The parallelogram angle is 60 °, the side difference is 4 cm, and the large diagonal is 14 cm
The parallelogram angle is 60 °, the side difference is 4 cm, and the large diagonal is 14 cm Find the smaller diagonal and the area of the parallelogram
Let’s designate the side AB of the parallelogram through X m, then, by condition, the side AD = (X + 4).
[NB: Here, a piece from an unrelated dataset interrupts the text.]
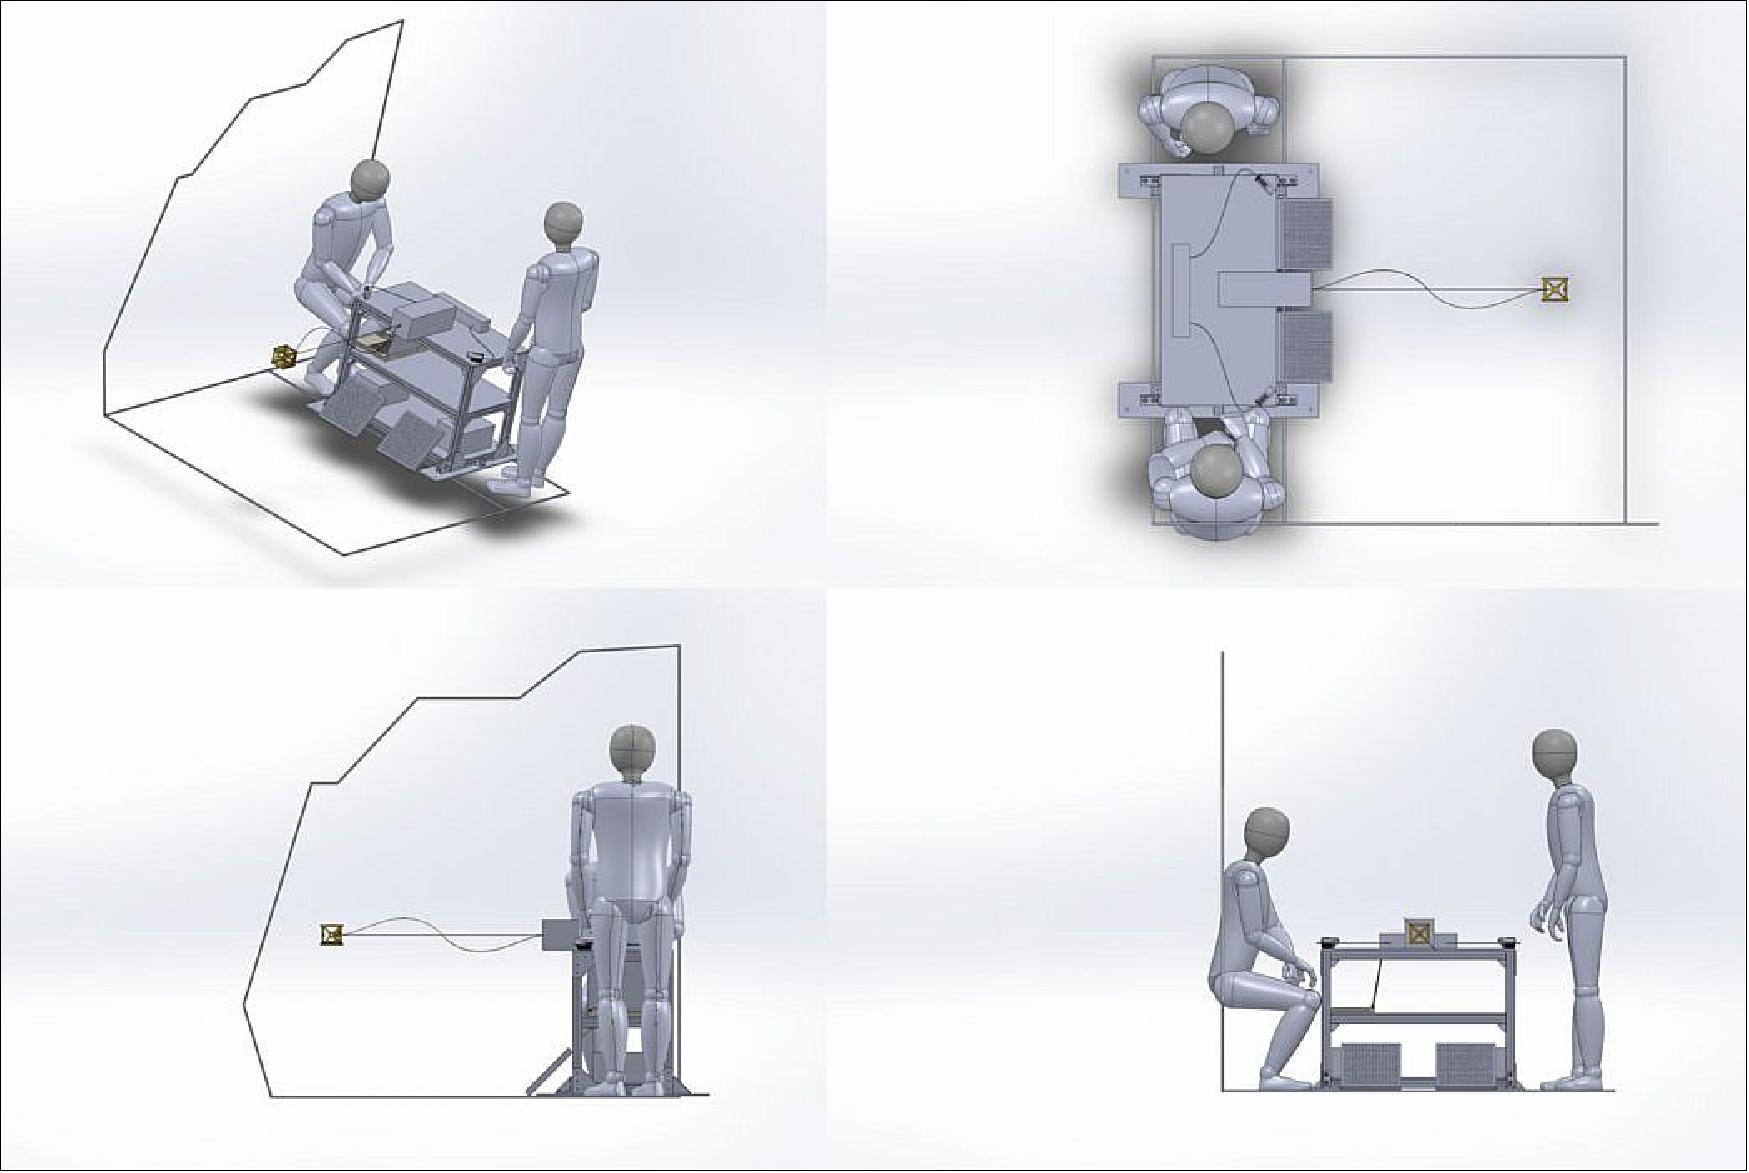 Figure 31: Depiction of the experiment set up (image credit: Politethers team)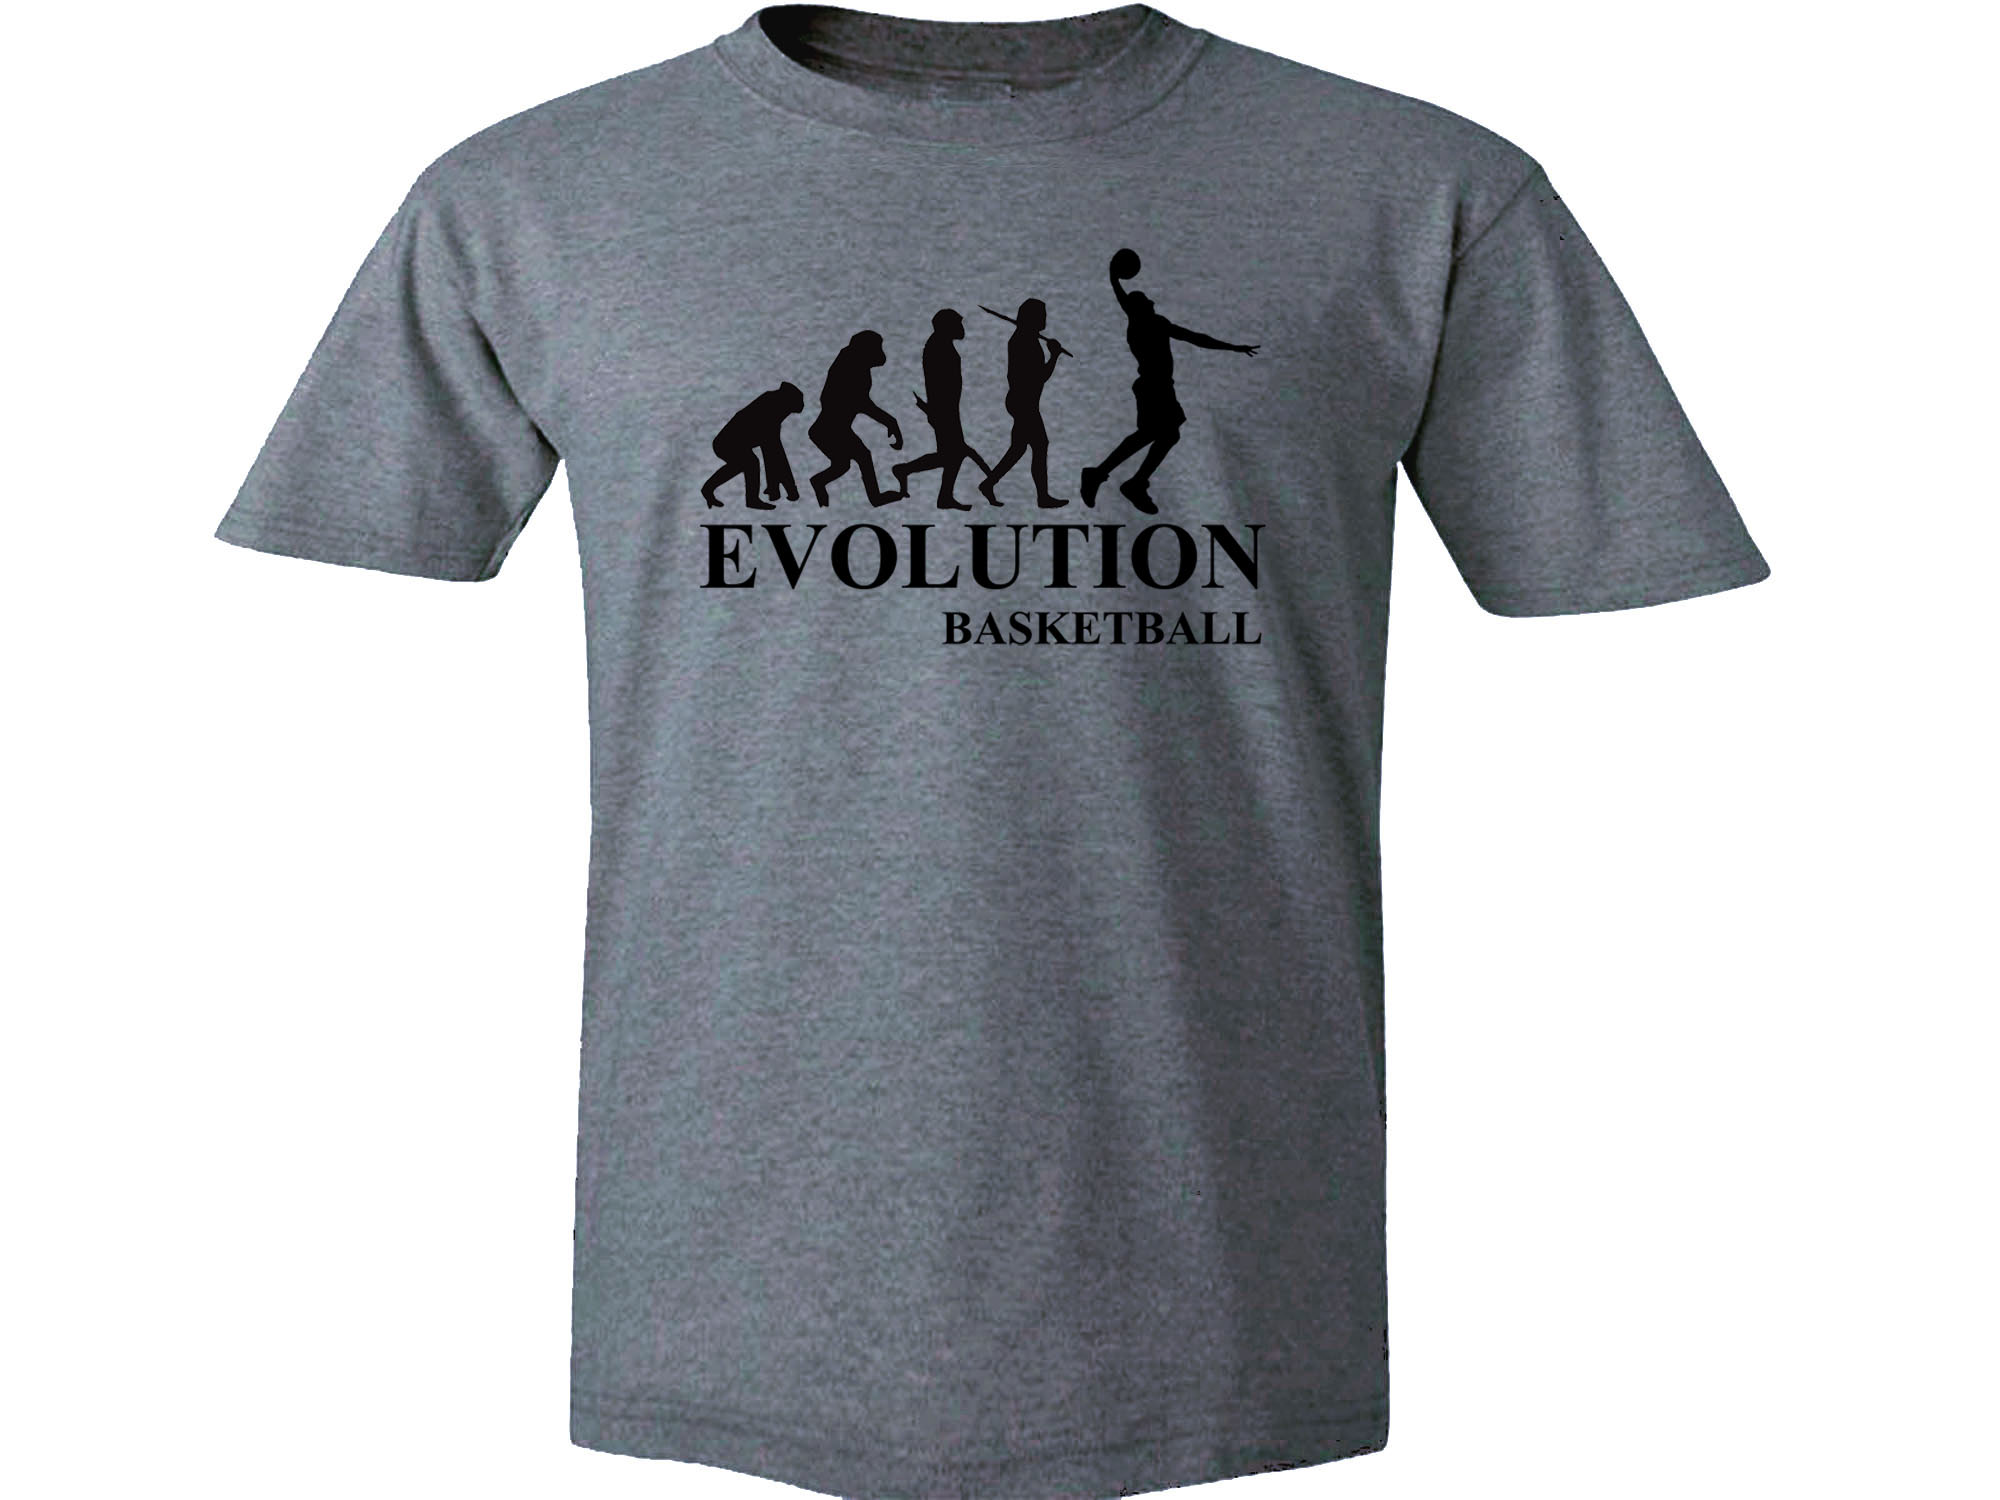 Basketball evolution funny evolve gray t-shirt

Since the sum of the adjacent angles of the parallelogram is 180, the angle ADC = 180 – 60 = 120.
We will use the cosine theorem for the triangle ACD.
AC ^ 2 = X ^ 2 + (X + 4) ^ 2 – 2 * X * (X + 4) * Cos120.
196 = X ^ 2 + X ^ 2 + 8 * X + 16 – 2 * X * (X + 4) * (-1 / 2).
196 = 2 * X ^ 2 + 8 * X + 16 + X ^ 2 + 4 * X.
3 * X ^ 2 + 12 * X – 180 = 0.
X ^ 2 + 4 * X – 60 = 0.
Let’s solve the quadratic equation.
D = b ^ 2 – 4 * a * c = 42 – 4 * 1 * (-60) = 16 + 240 = 256.
X1 = (-4 – √256) / (2 * 1) = (-4 – 16) / 2 = -20 / 2 = -10. (Doesn’t fit because <0).
X1 = (-4 + √256) / (2 * 1) = (-4 + 16) / 2 = 12/2 = 6.
AB = 6 cm, then AD = 6 + 4 = 10 cm.
From the triangle ABD, by the cosine theorem, we define the smaller diagonal BD.
BD ^ 2 = AB ^ 2 + AD ^ 2 – 2 * AB * AD * Cos60 = 36 + 100 – 2 * 6 * 10 * 1/2 = 136 – 60 = 76.
ВD = √76 = 2 * √19 cm.
We will draw the height of the ВН and from the right-angled triangle ABН we will determine the leg of the ВН.
ВН = AB * Sin60 = 6 * √3 / 2 = 3 * √3 cm.
Determine the area of the parallelogram.
S = AD * BH = 10 * 3 * √3 = 30 * √3 cm2.
Answer: The smaller diagonal is 2 * √19 cm, the area is 30 * √3 cm2.